Boise Prepares to Vote on Streetcars

“Before the Boise City Council can enact any ordinance, measure or resolution for the purpose of spending City funds to construct, in the downtown section of the City, a streetcar or trolley system, with railroad tracks in the streets and electrified cables overhead, the Council must first obtain approval for said expenditure by the vote of over 50% of the legal voters of the City.”
This streetcar initiative petition is proposed by David Litster who is running for city council. The central themes of his campaign are, "Keeping a careful eye on city taxes and spending," and "Listening to the voters." He thinks the trolley plan fails both, and wants to make the city council and Mayor listen to the voters, and REQUIRE them to take instructions from the voters on this issue.

"The only reason I’m proposing this is because the Mayor has made it clear that he has the power to impose on the people this streetcar system and the $20 million tax increase that goes with it." And Litster goes on, "let me say that I hope that the voters will join me in this exercise in democracy and quickly gather the required 6,500 signatures as the first step in this process.

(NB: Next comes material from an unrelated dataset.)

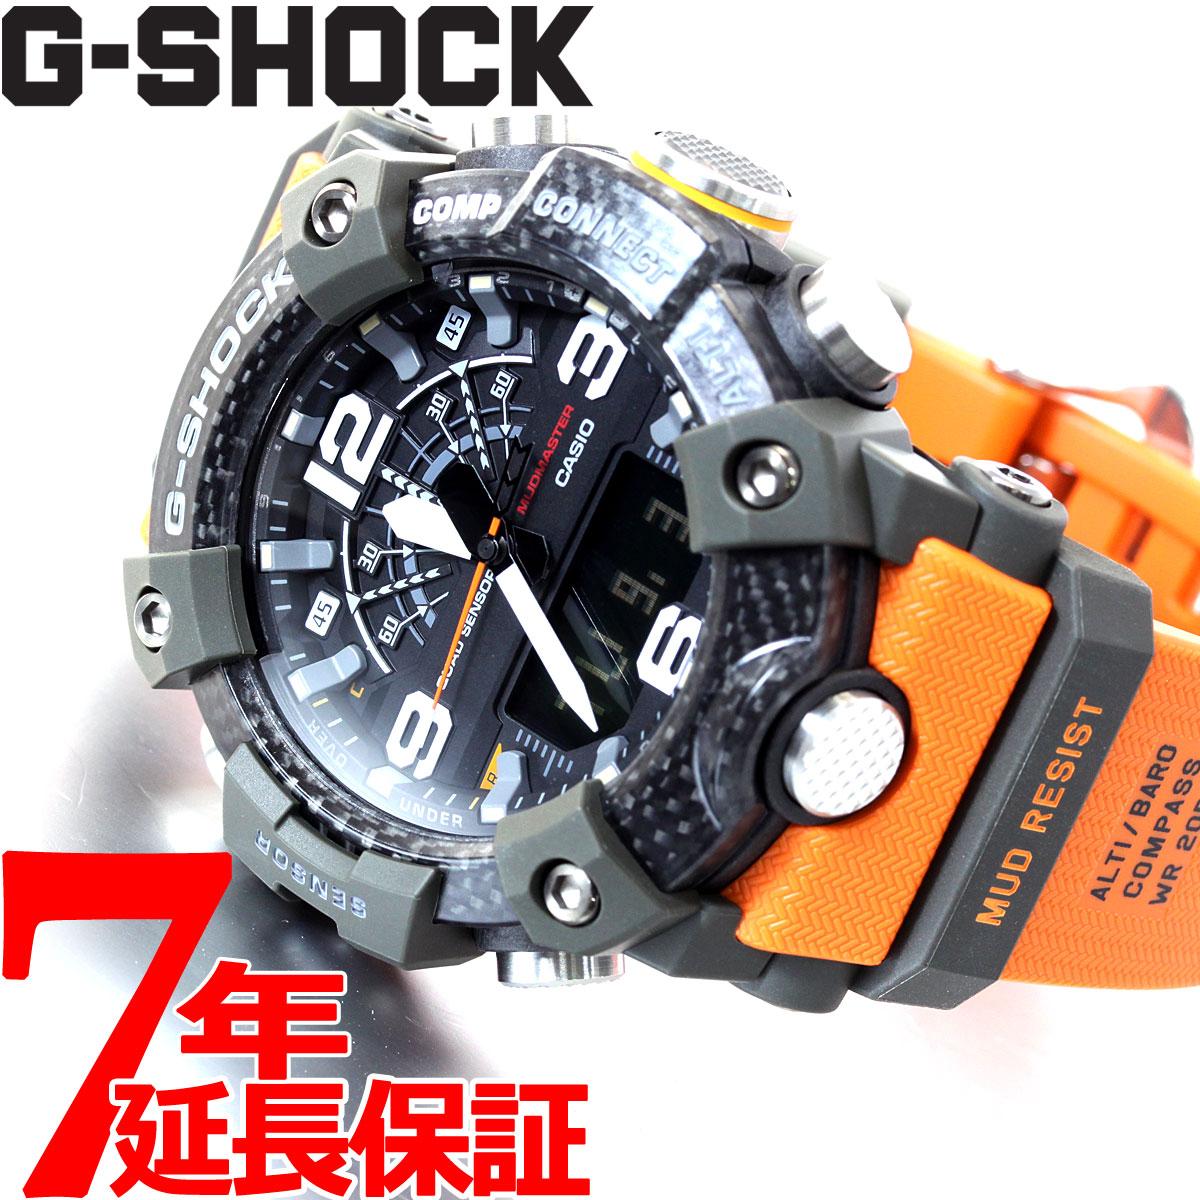 【5日0時~♪2000円OFFクーポン&店内ポイント最大51倍!5日23時59分まで】G-SHOCK カシオ Gショック マッドマスター CASIO 腕時計 メンズ MASTER OF G GG-B100-1A9JF

Last year Cincinnati became the first city in the United States to ban traffic enforcement cameras. Help continue Cincinnati's trend-setting tradition by voting YES ON ISSUE 9.

14 comments:

  1. He said that he is opposed to the "$20 million tax increase" for their plan. Thank goodness Cincinnati's leaders, along with colsultants and engineers, divised a system that WILL NOT RAISE TAXES.

    ReplyDelete
  2. Do you honestly believe that David? You really believe that they will build and operate the Cincinnati Streetcar and not come back to the tax payers for more money?

    ReplyDelete
  3. If there was a tax increase associated with the Cincinnati Streetcar plan, we would be voting on it. Since there is NO tax increase with Cincinnati's plan, it doesn't have to be voted on -- much like we aren't going to vote on the Kennedy Connector, the new Western Hills Viaduct, the new Brent Spence Bridge, new streetscaping projects, or other projects that don't involve tax increases.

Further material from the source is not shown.